样例代码是参考自《Fluent Python》。


按照类型和模块,将代码分成5种,分别是:

  1. 常规顺序执行(或者说是同步模式、普通模式)
  2. 多进程模块Multiprocessing
  3. 多线程模块Multithreading
  4. 异步模块asyncio
  5. 并行cocurrent.future模块


以下代码详见github仓库

代码展示

1. 常规顺序执行

在编程时候最常使用的方式。所有代码都会按照我们在编写时的思路按序依次执行。
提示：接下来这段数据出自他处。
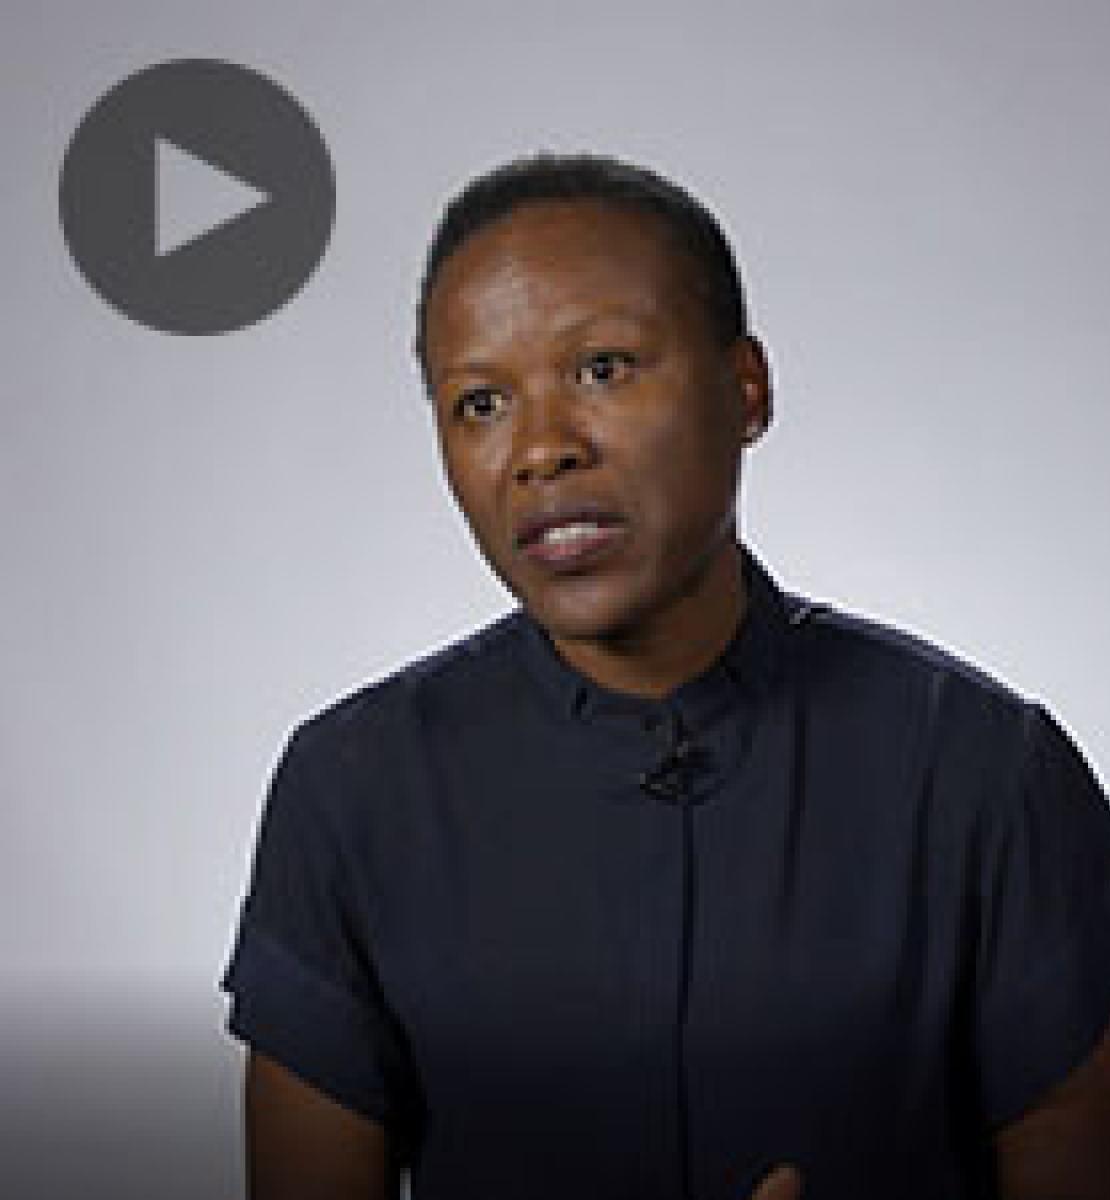 Screenshot from video message shows Resident Coordinator, Susan Namondo-Ngongi
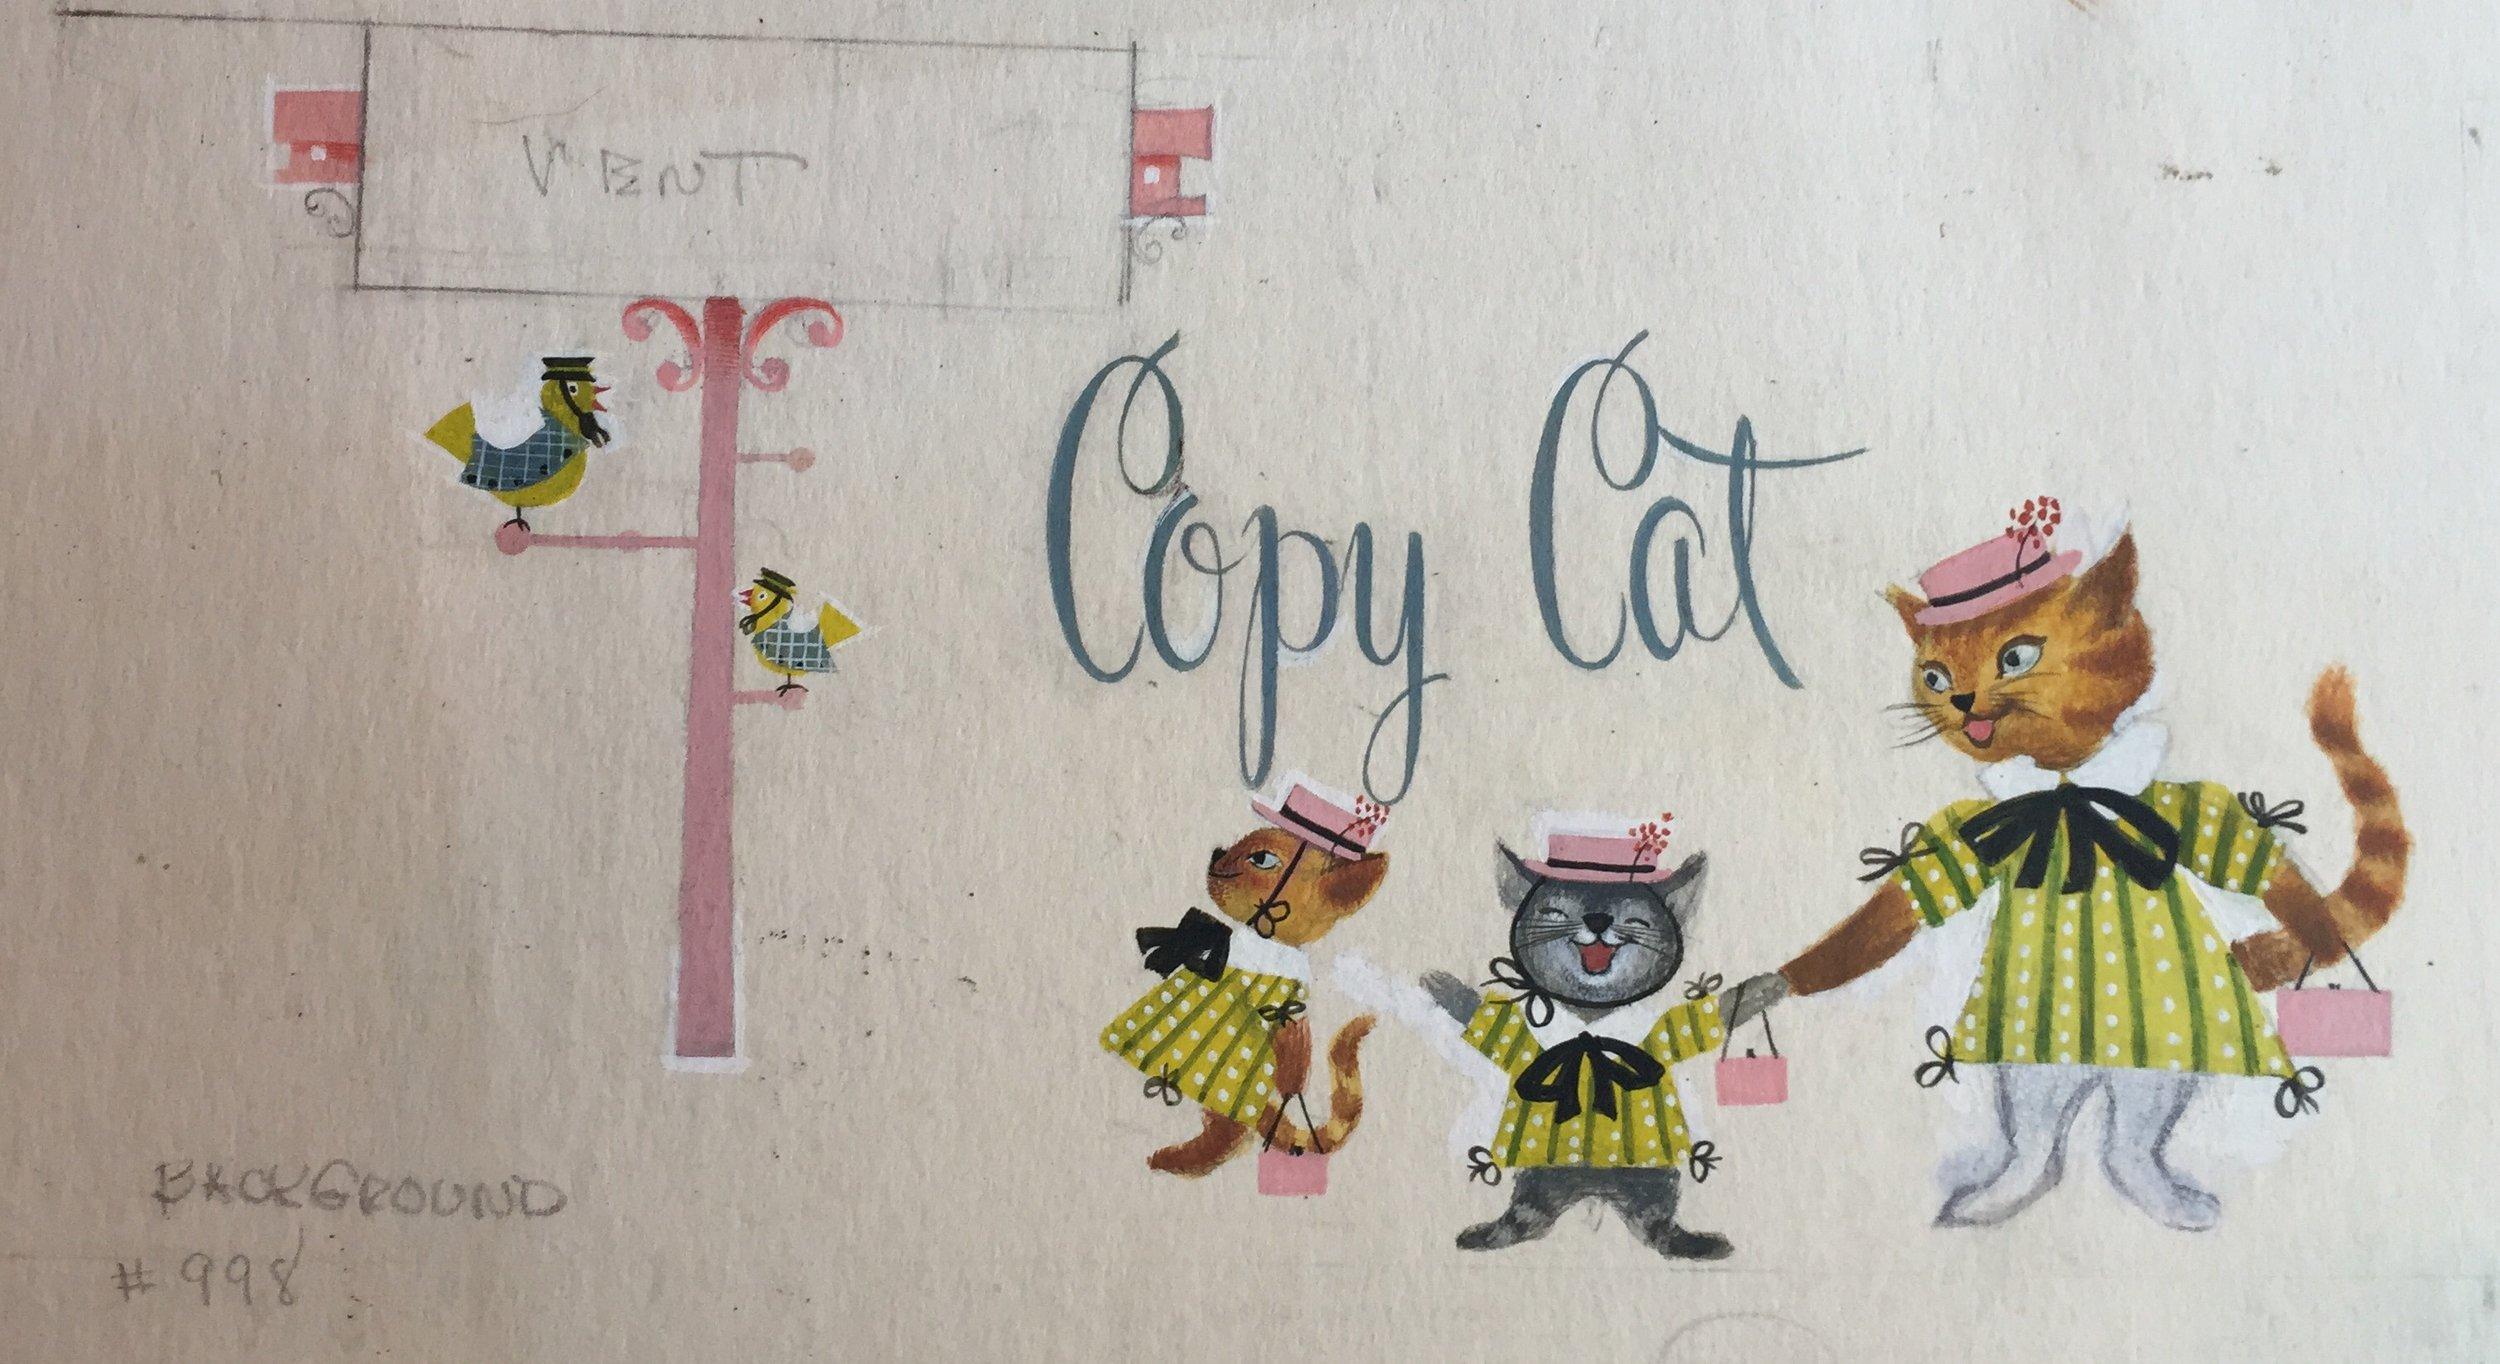 RM copy cat.jpeg

毫无疑问,这种方式是单线程,会堵塞,所以执行效率是最慢的。

代码如下

import requests
import os
import time

BASE_URL = 'http://flupy.org/data/flags'
POP20_CC = ('CN IN US ID BR PK NG BD RU JP MX PH VN ET EG DE IR TR CD FR').split()
BASE_FILE = os.path.join(os.path.dirname(__name__),'downloads/')


def get_flag(cc):
    url = '{}/{cc}/{cc}.gif'.format(BASE_URL,cc=cc.lower())
    resp = requests.get(url)
    image = resp.content
    return image

def save_image(cc,flow):
    with open(os.path.join(BASE_FILE, cc+'.gif'), mode='wb') as f:
        f.write(flow)

def download_one(i):
    image = get_flag(i)
    print(i, image)
    save_image(i,image)

def download_many(l):
    for i in l:
        download_one(i)

if __name__ == "__main__":
    start = time.time()
    download_many(POP20_CC)
    print(f'Time spending: {time.time()-start:0.2f}s')


2. 多进程模块Multiprocessing

代码

from multiprocessing import Pool
import requests
import os
import time

BASE_URL = 'http://flupy.org/data/flags'
POP20_CC = ('CN IN US ID BR PK NG BD RU JP MX PH VN ET EG DE IR TR CD FR').split()
BASE_FILE = os.path.join(os.path.dirname(__name__),'downloads/')

def get_flag(cc):
    url = '{}/{cc}/{cc}.gif'.format(BASE_URL,cc=cc.lower())
    resp = requests.get(url)
    image = resp.content
    return image

def save_image(cc,flow):
    with open(os.path.join(BASE_FILE, cc+'.gif'), mode='wb') as f:
        f.write(flow)

def download_one(i):
    image = get_flag(i)
    print(i, image)
    save_image(i,image)

def download_many(l):
    with Pool(30) as p:
        res = p.map(download_one,l)

if __name__ == "__main__":
    start = time.time()
    download_many(POP20_CC)
    print(f'Time spending: {time.time()-start:0.2f}s')


3. 多线程模块Multithreading

代码

import threading
import requests
import os
import time

BASE_URL = 'http://flupy.org/data/flags'
POP20_CC = ('CN IN US ID BR PK NG BD RU JP MX PH VN ET EG DE IR TR CD FR').split()
BASE_FILE = os.path.join(os.path.dirname(__name__),'downloads/')

def get_flag(cc):
    url = '{}/{cc}/{cc}.gif'.format(BASE_URL,cc=cc.lower())
    resp = requests.get(url)
    image = resp.content
    return image

def save_image(cc,flow):
    with open(os.path.join(BASE_FILE, cc+'.gif'), mode='wb') as f:
        f.write(flow)

def download_one(i):
    print('thread %s is running...' % threading.current_thread().name)
    image = get_flag(i)
    print(i, image)
    save_image(i,image)

def download_many(l):
    threads = list()
    for i in l:
        task = threading.Thread(target=download_one, name=i, args=(i,))
        threads.append(task)
        task.start()

    for thread in threads:
        thread.join()

if __name__ == "__main__":
    start = time.time()
    download_many(POP20_CC)
    print(f'Time spending: {time.time()-start:0.2f}s')


4. 异步模块asyncio

代码

import os
import time
import asyncio
import aiohttp

BASE_URL = 'http://flupy.org/data/flags'
POP20_CC = ('CN IN US ID BR PK NG BD RU JP MX PH VN ET EG DE IR TR CD FR').split()
BASE_FILE = os.path.join(os.path.dirname(__name__),'downloads/')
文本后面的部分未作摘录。